Please transcribe the data below exactly. Leave the pictures out.

SUPPLIED INFORMATION
>>>
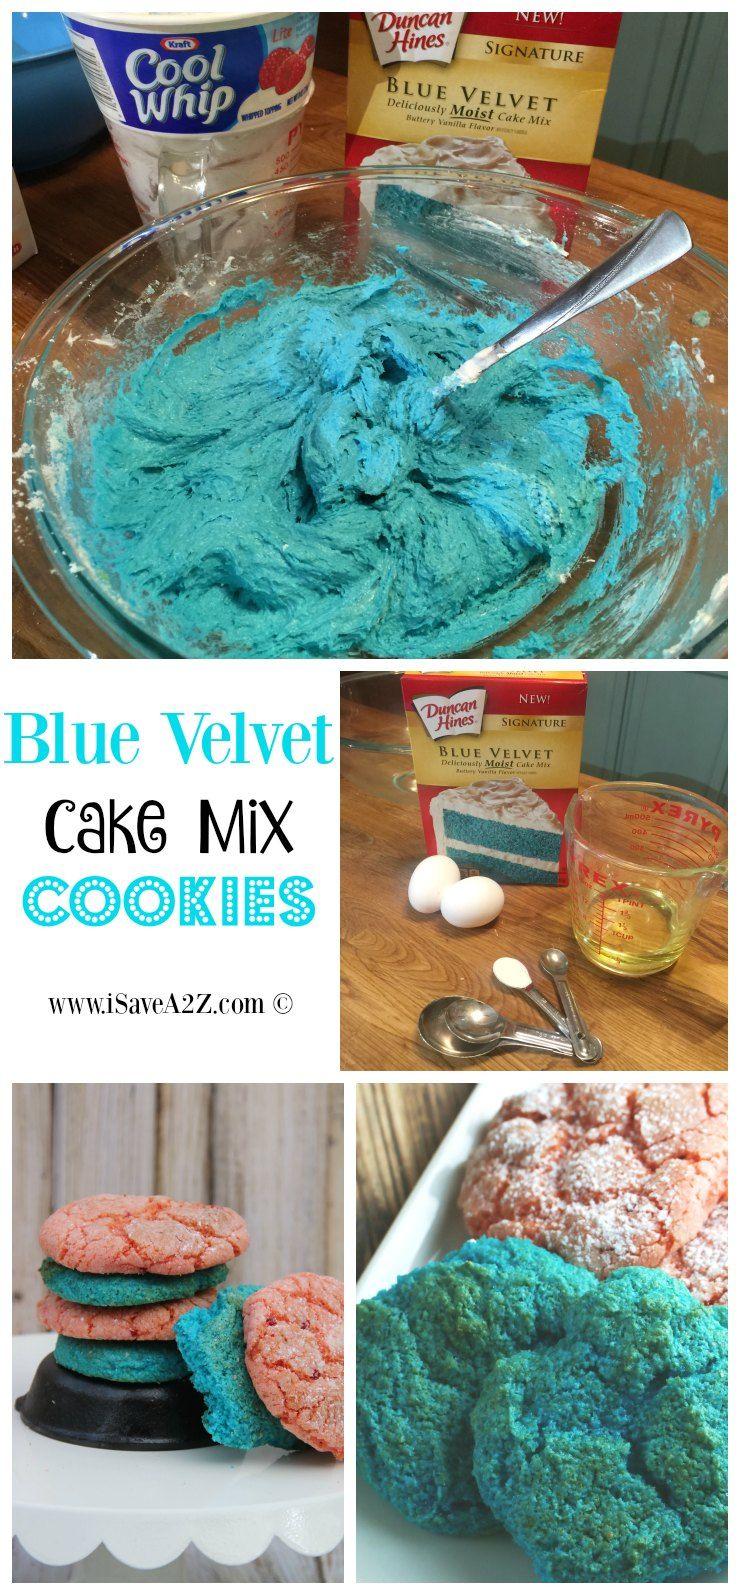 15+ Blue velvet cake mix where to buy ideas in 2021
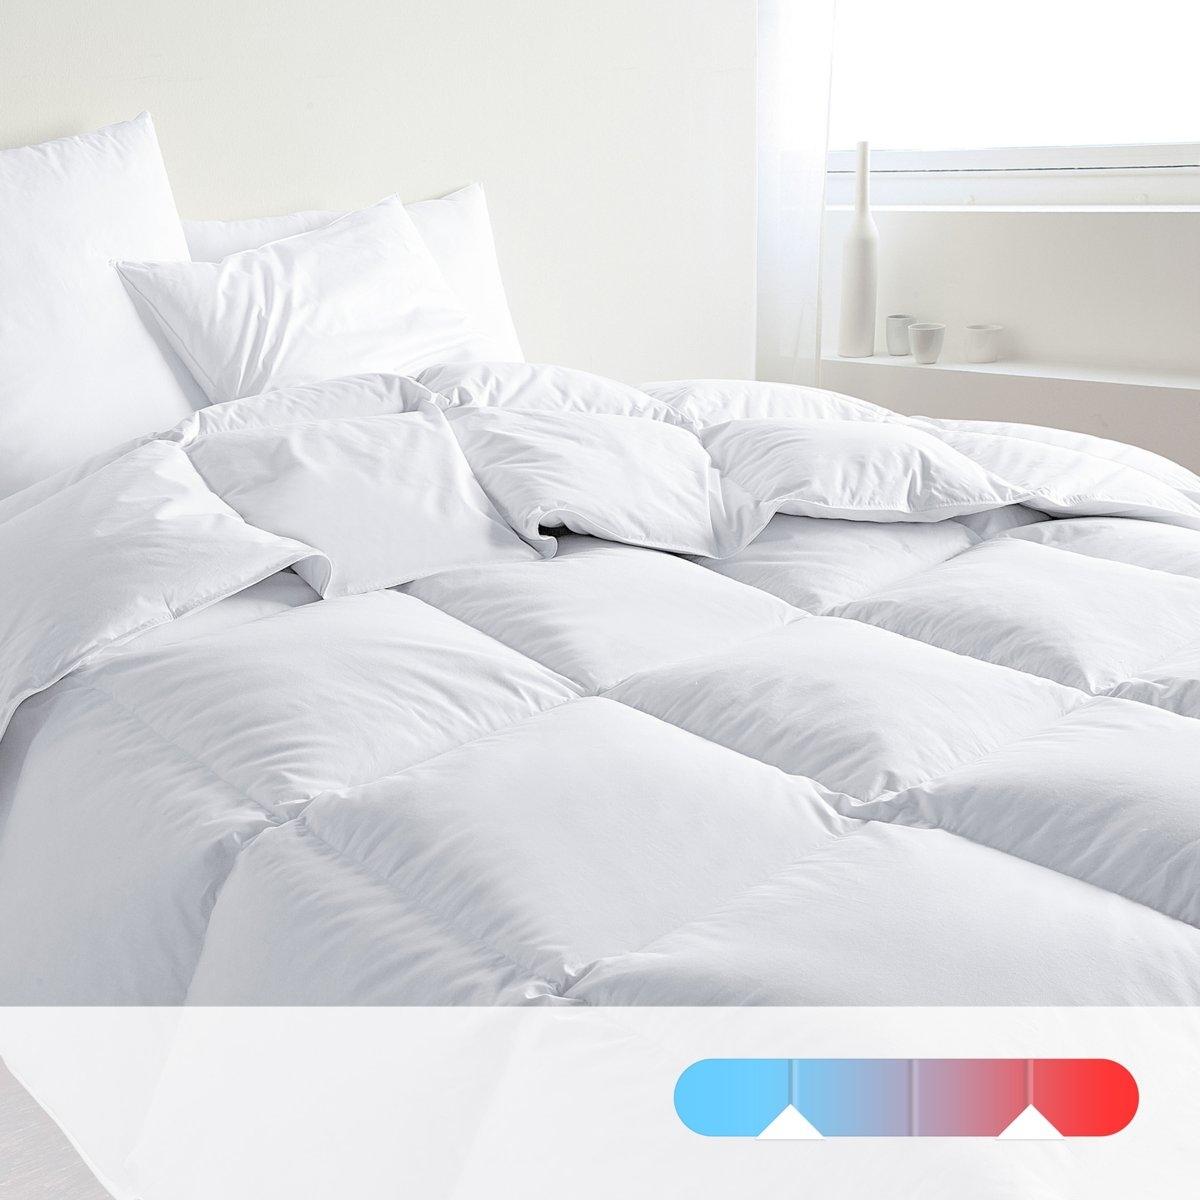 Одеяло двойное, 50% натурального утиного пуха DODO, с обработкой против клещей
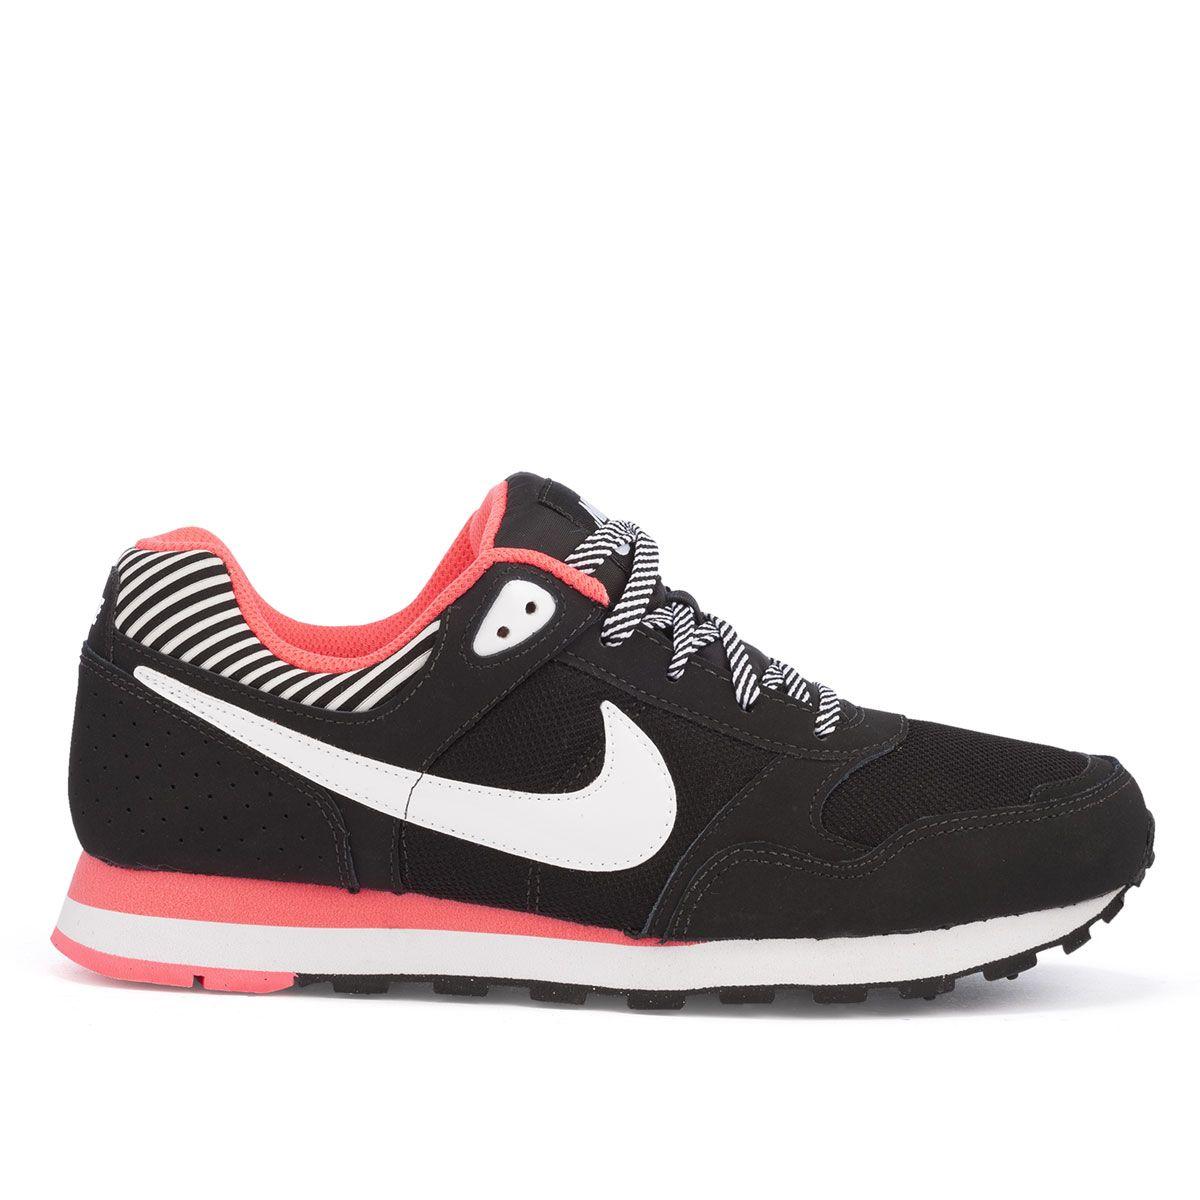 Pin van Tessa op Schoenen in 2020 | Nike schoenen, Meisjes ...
<<<
TASK SOLUTION
 15+ Blue velvet cake mix where to buy ideas in 2021
 Одеяло двойное, 50% натурального утиного пуха DODO, с обработкой против клещей
 Pin van Tessa op Schoenen in 2020 | Nike schoenen, Meisjes ...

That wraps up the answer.